Monday, 16 April 2018

Frank Gorshin



            When I got up on at 5:00 on Sunday morning as usual I wondered if it might be psychologically or even physically unhealthy to force oneself to get up at the same time every day. I speculated that it might actually be better to sleep until one wakes up naturally and not to be so mechanically enslaved to clock time. I toyed with the idea of someday experimenting with less regimented sleep, but for now I’ll probably just continue with things the way they are.
Saturday’s snow was still on the ground on Sunday morning, plus a little more. I haven’t seen or heard a single plough since the season went into remission. It’s as if they sent them off to Florida to make waves for surfers. This time last year it was a rainy but normal mid-April day and the snow was long gone.
            The wind was even wilder than the day before and it caused my right curtain to break free of its lien de rideau and do the flag dance until my yoga was over and I stood up to fix it.
            At breakfast I made my last two pieces of cinnamon-raisin toast but one of them slipped out of my hand and fell, butter side down on my floor. I considered eating it anyway because it didn’t look dirty. I took a bite, but with my face that close to it I could see little hairs on it, so I made another piece of regular toast with jam.
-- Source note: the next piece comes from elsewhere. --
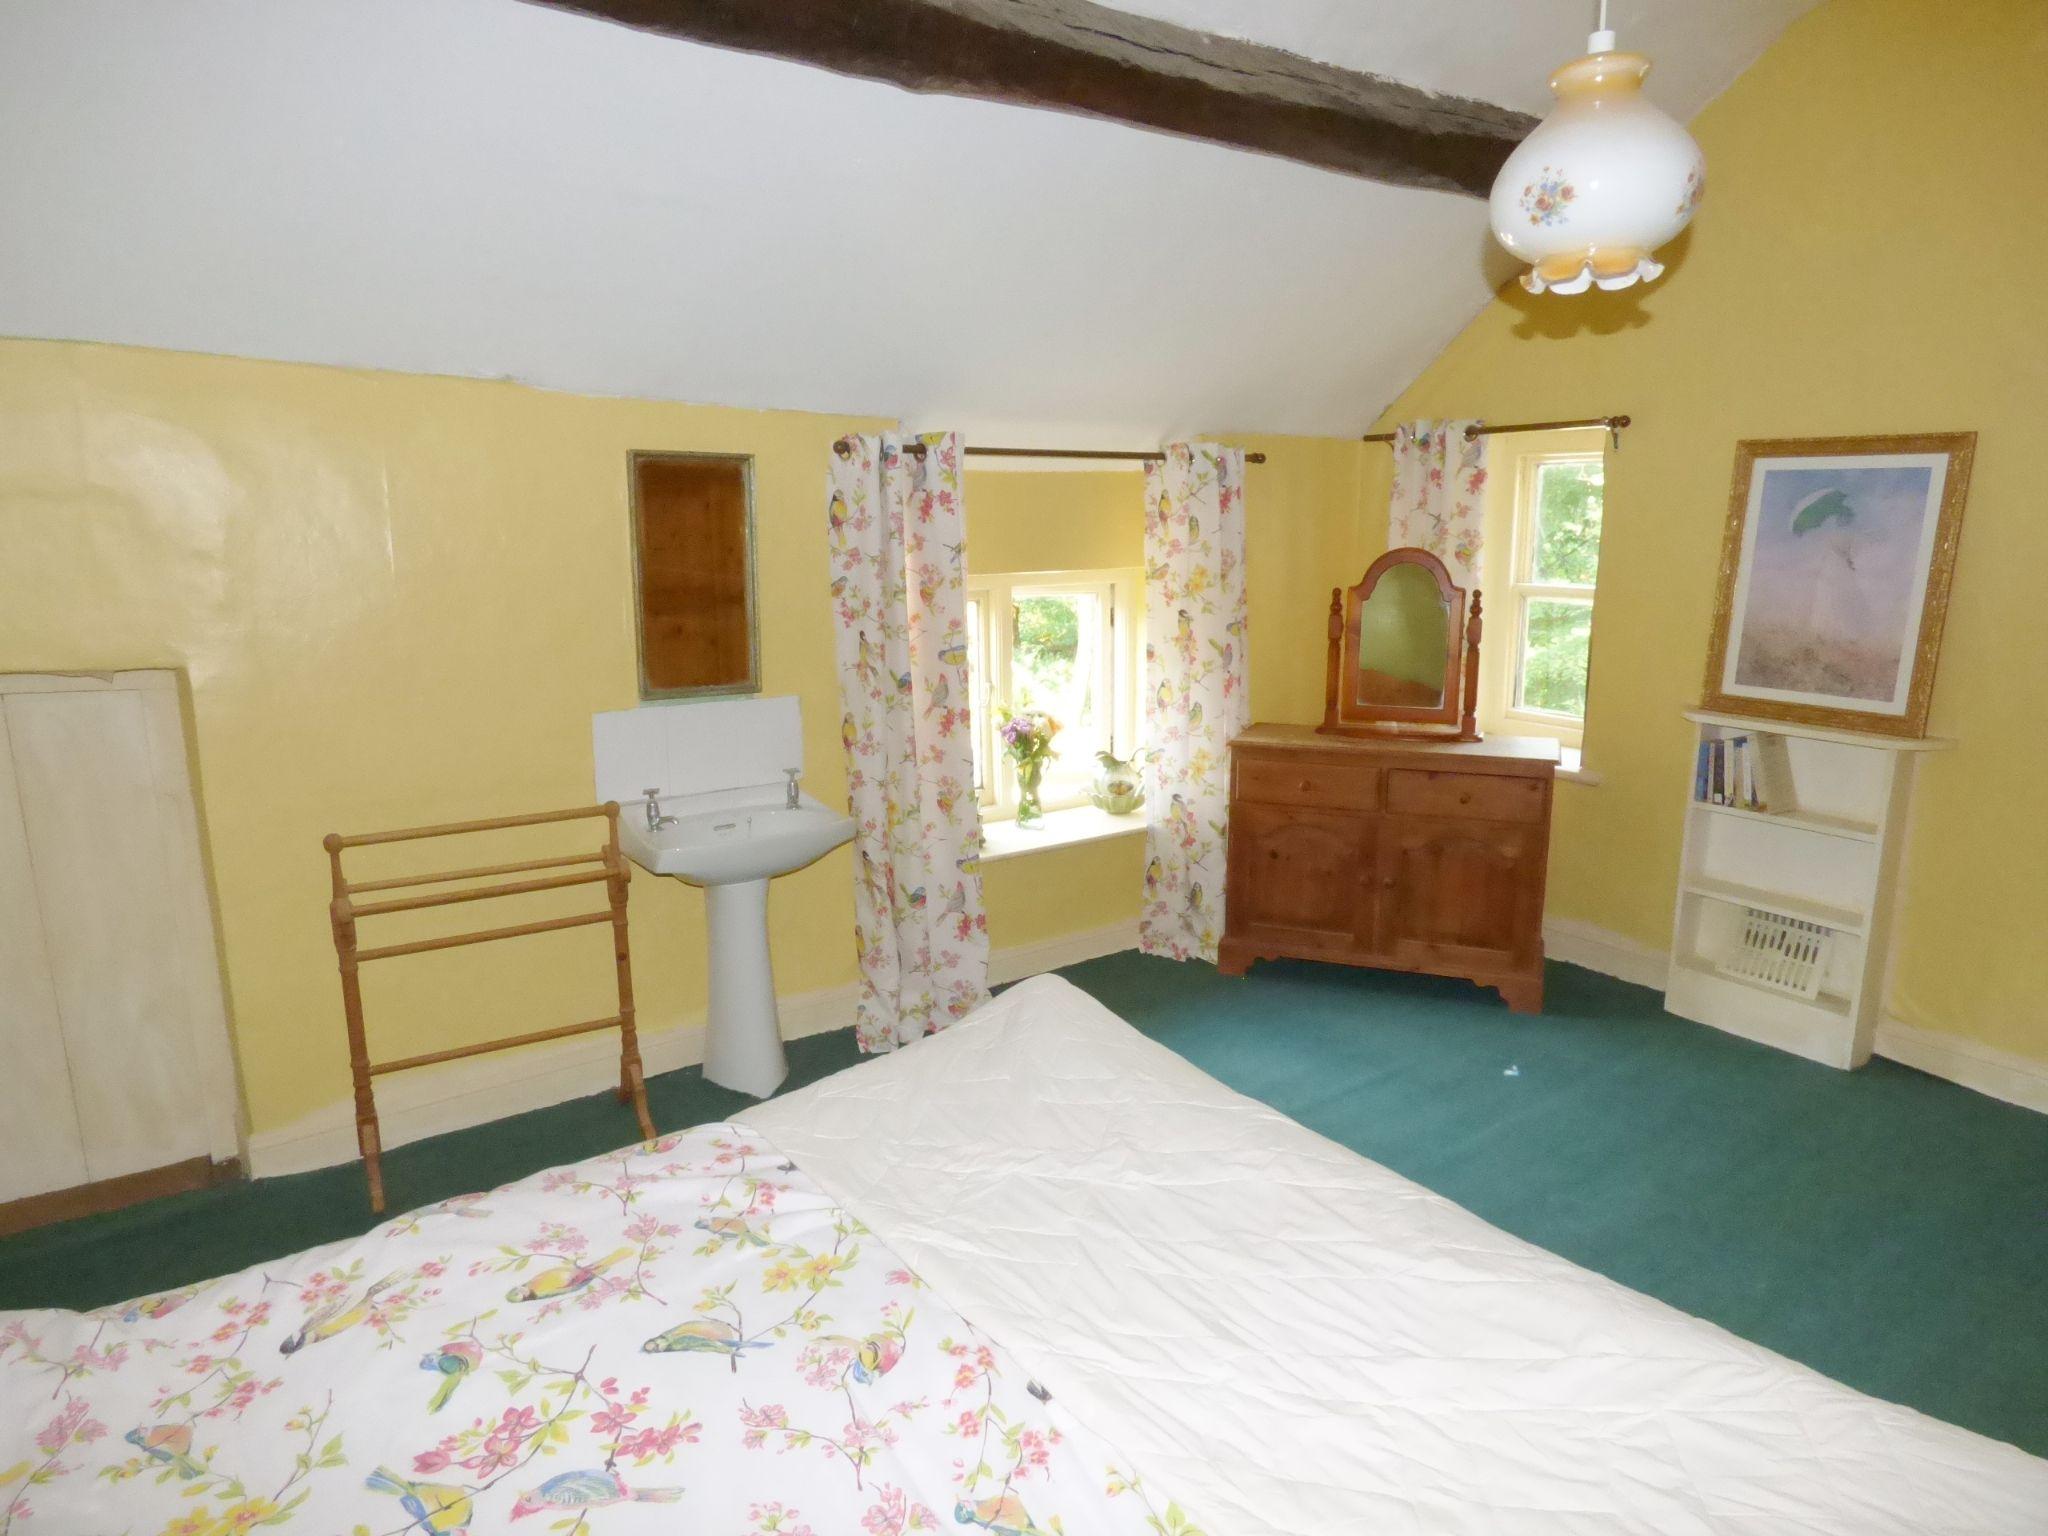 6 Bedroom Detached House For Sale - Bedroom Four

            I had to send my income report to social services and fill a prescription at the drug store. I dropped off my empty containers of psoriasis cream at Vina and said I’d be back after the supermarket. Then I went to the mailbox to send my report and road through the slushy soup to No Frills. The pedestrians manoeuvring through the snow looked like they felt betrayed by springtime. I got five bags of grapes, a tomato, a pack of little Swiss rolls, some shampoo and some mouthwash. The cashier asked me if I had a points card. I told her I was pointless and she smiled, but I wondered how many hundreds of people have said that to her.
            I rode home along King to Dunn and then north. I’m still amazed that no one has bothered to plough. The road seemed to have been salted because it wasn’t very slippery but it was a dry, snowy mess. Do they lay off all the plough drivers on April 1st?
            When I got home the wind sounded like someone playing a saw and flapping a sheet of aluminium.
            I heated up some of the frozen tandoori chicken samosas that I got from the food bank. There was way too much cardamom and it made them bitter.
            I took a siesta and goofed around on the internet.
            I realized two and one half hours too late that I’d forgotten to pick up my prescription from the drug store.
I watched an Alfred Hitchcock Hour teleplay starring Martin Landau as a successful lawyer with a conscience named Ned Murray and Frank Gorshin as his client, Lew Rydell. The story begins with Ned getting Lew off on a murder charge but when Lew tells Ned afterwards that he actually did kill the young man that died, Ned is in a moral dilemma. He has never defended a guilty man and so now he feels guilty himself. He wants Lew punished and plans to tell the DA but his boss and future father-in-law tells him to drop it. Ned tells an old friend and former client named Tony about Rydell. Tony is eternally grateful to Ned for having helped keep his brother out of prison a few years before. Tony tells Ned that he will take care of Rydell and Ned is almost all right with it because he thinks he would have gotten the death sentence for his crime if not for his defence. Ned goes to talk to the man that served as the judge in Rydell’s trial, who is also a trusted family friend. He tells him what Rydell told him, that the young man had been flirting with Rydell’s wife and so he killed him, and Ned asks the judge what he would have done as a lawyer in his position. The judge says that a man that kills because of his wife flirting with another man is mentally ill and so he would try to make sure he is locked up in an asylum where he can be treated. Suddenly realizing that he has sentenced Rydell to death, Ned rushes away to try to stop Tony. He arrives too late because Tony has been killed. Ned decides to become Rydell’s lawyer again, this time to make sure he is ruled insane.
It was raining as I got ready for bed and so there were fast little rivers running along the gutters and around the edges of snow that didn’t look like it was being dissolved at all.